The anti-incinerator movement in China refers to the series of environmental protests that have occurred in opposition to China's numerous planned and operating industrial waste incinerators. The construction of these waste-to-energy facilities, which has prompted the ensuing protest movement, operates as part of China's ongoing efforts to restructure its waste disposal system in regard to its status as the largest producer of municipal solid waste worldwide since 2004. Described by some as being a new type of NIMBY protest, the roots of the anti-incinerator movement can be traced back to the early 1990s, following the introduction of China's first generation of incinerator plants. The movement, however, began in earnest with the benchmark 2006 Liulitun protest taking place in Beijing.

Since the success of the Liulitun plant protest, in which the proposed incinerator in Beijing's Haidian district was indefinitely postponed, numerous other instances of dissent surrounding China's incinerator plants have transpired, with particularly notable examples occurring in Guangzhou, Wujiang and Panguanying. While the individual protests have differed in terms of participants, tactics used and government response, each has been demonstrably oriented around environmental and health concerns emanating from the pollution and potential human cost associated with operating waste-to-energy incinerators.

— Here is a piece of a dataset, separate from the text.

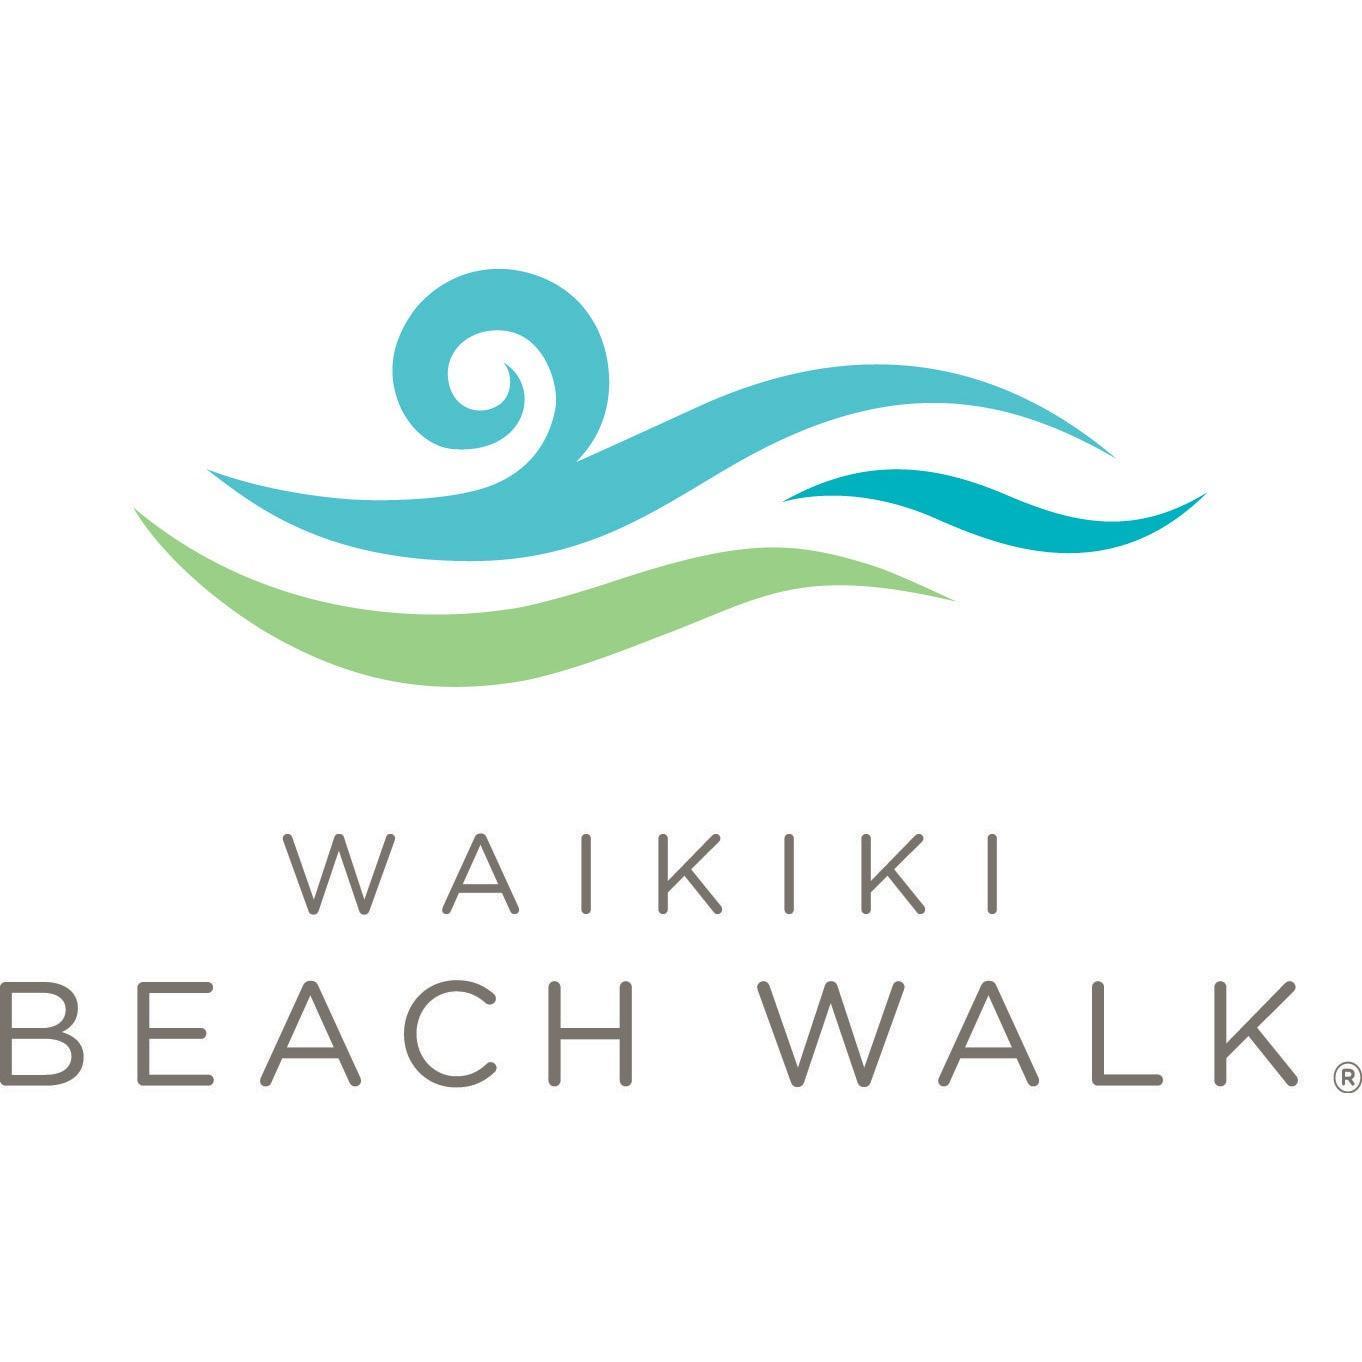 Waikiki Beach Walk Waikikibeachwlk Twitter

Despite various successes occurring for protests of this type, China's national government has continued to acknowledge incineration as a viable solution for managing municipal waste, and as such, has continued to plan and develop numerous incinerator plants throughout the country.

== History ==
The first instances of dissent aimed at China's waste incinerators occurred as early as 1994, when the nation's first incinerator plant was implemented on the mainland. Since that time as many as 54 cases of incinerator-related disputes have been reported. The protests however did not begin achieving their current prominence and scope until the Liulitun protest in Beijing, which began in 2006 and extended into early 2011, ending with the ultimate cancellation of the incinerator project at its original location.

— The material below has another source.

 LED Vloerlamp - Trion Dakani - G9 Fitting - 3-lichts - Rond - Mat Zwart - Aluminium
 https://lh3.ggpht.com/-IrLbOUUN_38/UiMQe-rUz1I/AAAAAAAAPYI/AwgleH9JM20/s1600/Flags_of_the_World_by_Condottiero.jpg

From these events in Beijing's Haidian district stemmed a series of other like-minded protests, led by individuals who had become empowered by the success of the protest in China's capital. Amongst these were protests in Guangzhou, Wujiang and Panguanying, all of which began during or around the time of 2009. In Guangzhou inhabitants of the residential Panyu district began opposing plans to construct a municipal waste incinerator in their area after coming across a posting on a government website. Eventually, by the end of 2011, protesters were able to get the project cancelled at its proposed site, with the government electing to move the plant elsewhere.

Similarly, in Pingwang, a town located outside Wujiang city in China's Jiangsu province, residents began opposing the construction of a nearby incinerator plant that was already nearing completion. Their collective efforts, which culminated in a large-scale peaceful demonstration occurring in late 2009, resulted in the plant's construction being halted pending further review. In the same year, in Panguanying, a small rural village in China's Hebei province, villagers utilized assistance from environmental NGOs and urban activists from Beijing to repeatedly halt the project, leading to the proposed plant being shelved after negotiations broke down.

In recent years, as China has continued to develop new waste incinerators, protests have occurred in such places as Lubo town, Zhaoqing city and Sihui city, all in China's Guangdong province. In 2017 there was another notable protest in the south-eastern city of Shenzhen opposing the development of the city's Shenzhen East Waste-to-Energy Plant, which would become one of the largest waste incinerators nationwide upon completion.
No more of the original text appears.